Extracted data entries
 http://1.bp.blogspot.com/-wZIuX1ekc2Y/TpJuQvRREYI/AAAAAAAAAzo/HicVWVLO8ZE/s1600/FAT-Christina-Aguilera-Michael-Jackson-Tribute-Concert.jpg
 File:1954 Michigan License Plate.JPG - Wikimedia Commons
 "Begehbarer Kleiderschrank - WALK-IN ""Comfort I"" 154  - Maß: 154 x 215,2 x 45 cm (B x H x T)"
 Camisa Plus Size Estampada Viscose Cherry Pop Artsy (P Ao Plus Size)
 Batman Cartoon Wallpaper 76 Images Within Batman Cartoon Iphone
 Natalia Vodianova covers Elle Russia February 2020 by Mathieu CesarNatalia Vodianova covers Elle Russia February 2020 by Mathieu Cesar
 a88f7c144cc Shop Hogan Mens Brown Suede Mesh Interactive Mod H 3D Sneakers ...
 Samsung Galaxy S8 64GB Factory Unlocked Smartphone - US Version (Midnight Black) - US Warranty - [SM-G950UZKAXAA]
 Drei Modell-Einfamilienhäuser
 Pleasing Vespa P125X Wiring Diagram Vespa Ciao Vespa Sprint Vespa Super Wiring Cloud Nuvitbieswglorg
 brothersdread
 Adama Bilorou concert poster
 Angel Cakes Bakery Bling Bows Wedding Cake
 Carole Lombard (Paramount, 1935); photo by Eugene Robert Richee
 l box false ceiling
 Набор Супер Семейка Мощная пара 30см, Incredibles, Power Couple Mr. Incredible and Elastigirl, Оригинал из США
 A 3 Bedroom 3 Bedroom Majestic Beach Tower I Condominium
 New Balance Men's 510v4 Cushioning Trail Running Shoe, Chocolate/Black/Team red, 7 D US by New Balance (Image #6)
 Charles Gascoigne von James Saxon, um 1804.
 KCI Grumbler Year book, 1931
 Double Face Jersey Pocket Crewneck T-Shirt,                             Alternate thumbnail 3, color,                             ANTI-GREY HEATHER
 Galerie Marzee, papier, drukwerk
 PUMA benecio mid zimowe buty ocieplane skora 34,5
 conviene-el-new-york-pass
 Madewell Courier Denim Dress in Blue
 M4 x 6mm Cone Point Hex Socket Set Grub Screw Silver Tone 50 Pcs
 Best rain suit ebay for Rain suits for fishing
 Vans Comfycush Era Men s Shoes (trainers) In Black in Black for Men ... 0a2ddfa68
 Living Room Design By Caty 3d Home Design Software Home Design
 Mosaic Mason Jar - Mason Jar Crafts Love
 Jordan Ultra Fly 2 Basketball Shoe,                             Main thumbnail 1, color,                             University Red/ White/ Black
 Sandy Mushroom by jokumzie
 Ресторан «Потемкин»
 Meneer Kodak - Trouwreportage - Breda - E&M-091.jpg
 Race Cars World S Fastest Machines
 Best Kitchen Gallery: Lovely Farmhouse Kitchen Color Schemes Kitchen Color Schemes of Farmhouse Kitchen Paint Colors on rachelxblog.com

Work to be completed.
Using the data above, transcribe the lines that run from the line with "Double Face Jersey" to the line with "Sandy Mushroom by jokumzie", both ends kept, and output nothing else.

Task result.
 Double Face Jersey Pocket Crewneck T-Shirt,                             Alternate thumbnail 3, color,                             ANTI-GREY HEATHER
 Galerie Marzee, papier, drukwerk
 PUMA benecio mid zimowe buty ocieplane skora 34,5
 conviene-el-new-york-pass
 Madewell Courier Denim Dress in Blue
 M4 x 6mm Cone Point Hex Socket Set Grub Screw Silver Tone 50 Pcs
 Best rain suit ebay for Rain suits for fishing
 Vans Comfycush Era Men s Shoes (trainers) In Black in Black for Men ... 0a2ddfa68
 Living Room Design By Caty 3d Home Design Software Home Design
 Mosaic Mason Jar - Mason Jar Crafts Love
 Jordan Ultra Fly 2 Basketball Shoe,                             Main thumbnail 1, color,                             University Red/ White/ Black
 Sandy Mushroom by jokumzie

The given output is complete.